Availability is also an issue when it comes to retailers. If retailers sell alcohol and cigarettes to minors, they are contributing to the problem. Most communities have programs in place to make sure that customers present ID to buy alcohol and cigarettes, but that doesn't mean you shouldn't be vigilant. If you see or hear about local retailers providing alcohol or cigarettes to minors, let your community licensing board know about it.

Lack of Communication
Many of the causes of teen drug abuse can be eliminated simply by talking.

If teenagers know the specific dangers of drugs and alcohol, they will be more likely to avoid them. Vague explanations will probably not be effective in this situation. Instead, statistics and facts are far more likely to work. Get online with your teen and look for informative sites that discuss the risks of drug abuse.

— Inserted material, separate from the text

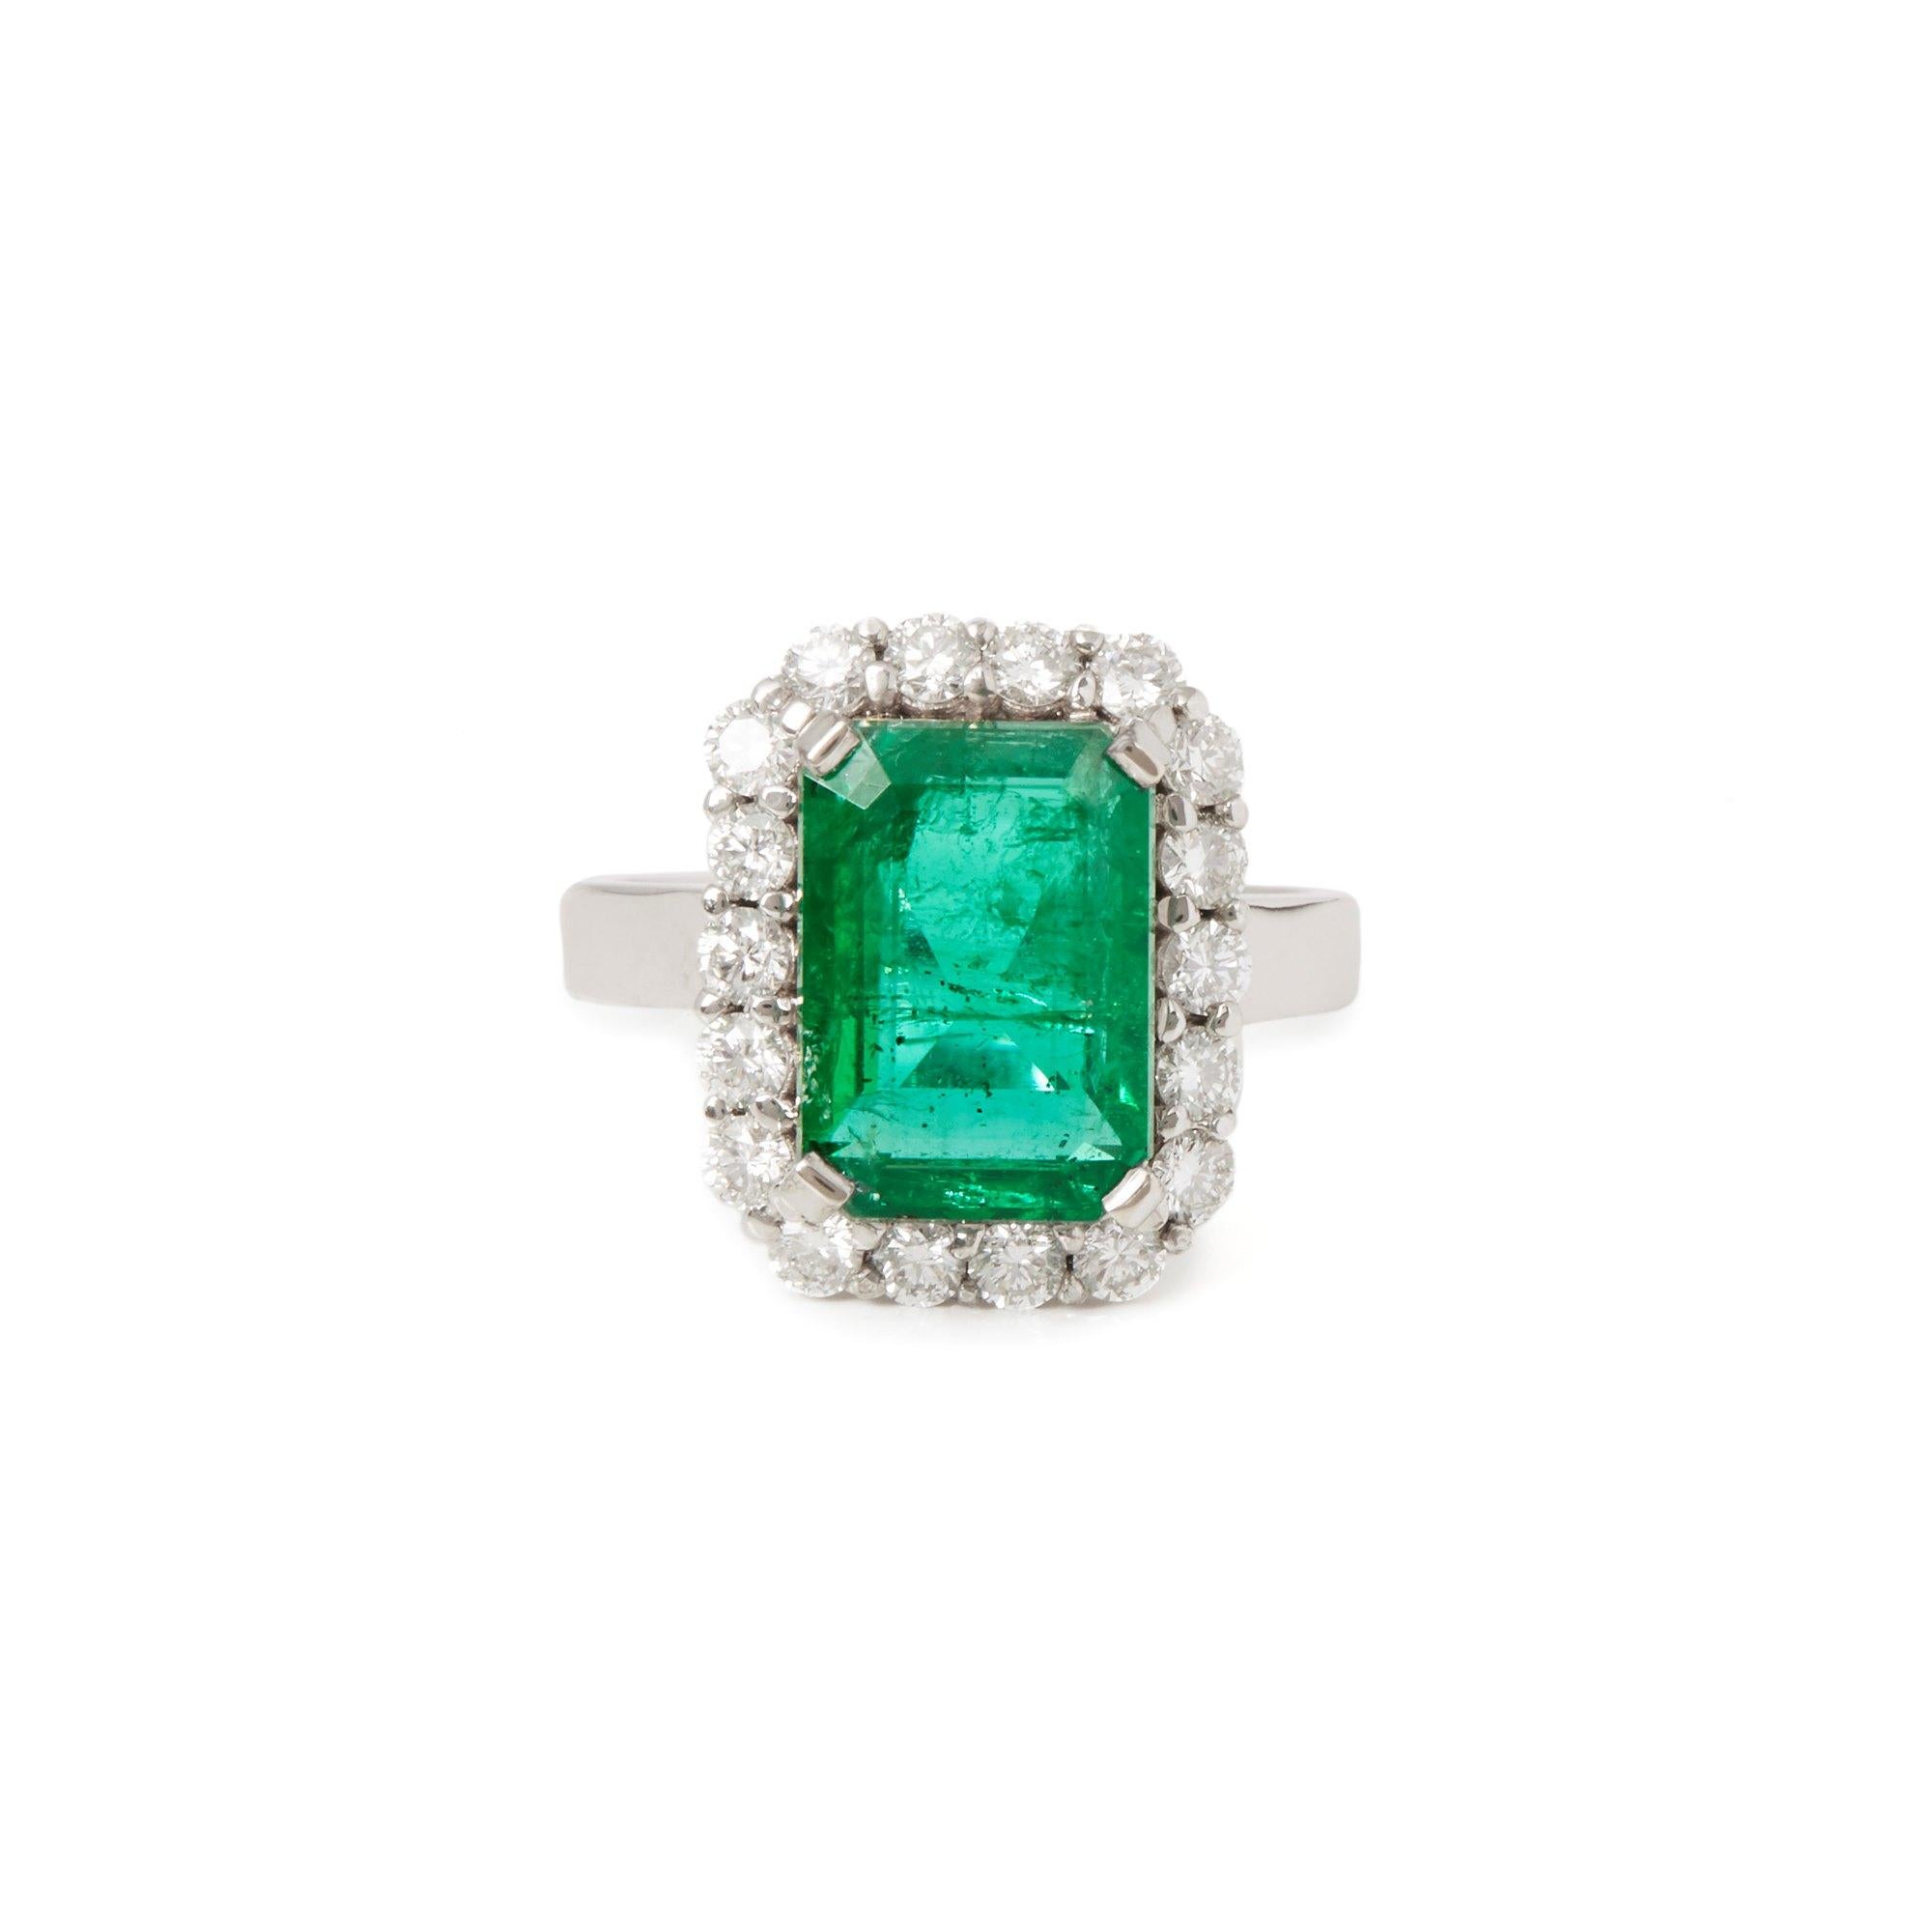 This ring designed by David Jerome is from his private collection and features one Emerald cut Emerald totalling 4.58cts. Set with round brilliant cut Diamonds totalling 0.80cts mounted in an 18k white gold setting. Finger size UK L, EU size 52, USA

Some teens may abuse drugs because they think their parents don't care. Communication solves this problem. Talk to your teen daily about her life, finding out how her friendships and schoolwork are going. Be there as much as you can, and make a point of being awake to greet her when she gets home at night. Knowing that a sobriety checkpoint is waiting inside the front door is enough to convince many teens to stay away from drugs and alcohol.

Tolerance at School
It is widely known that one of the causes of teenage drug abuse is finding drugs, alcohol and cigarettes available at school. When teenagers are selling drugs out of their lockers, they endanger every other student. Encourage local schools to conduct routine locker checks and to educate teachers about how to spot signs of drug use. Every school should have a zero tolerance policy for drug use, including suspensions for intoxicated students and mandatory treatment programs for repeat offenders.

The same rules need to apply to school functions. In recent years, athletic events have become a haven for drunken, rowdy behavior by teens. Schools need to stop this behavior by monitoring students as they come and go, conducting searches for alcohol and drugs and barring students who show signs of intoxication.

One of the most grievous causes of teenage drug abuse is stereotyping, which is linked to parental supervision and communication. Many parents assume that their children are not at risk for drug or alcohol abuse and that they therefore shouldn't worry. In reality, there is no specific type of teenager who might abuse drugs.

Any child or teenager could be at risk, so don't make assumptions. Educate all teenagers about how drugs affect the mind and body and how they can avoid them in the future. Education is the easiest way to prevent a destructive addiction from forming.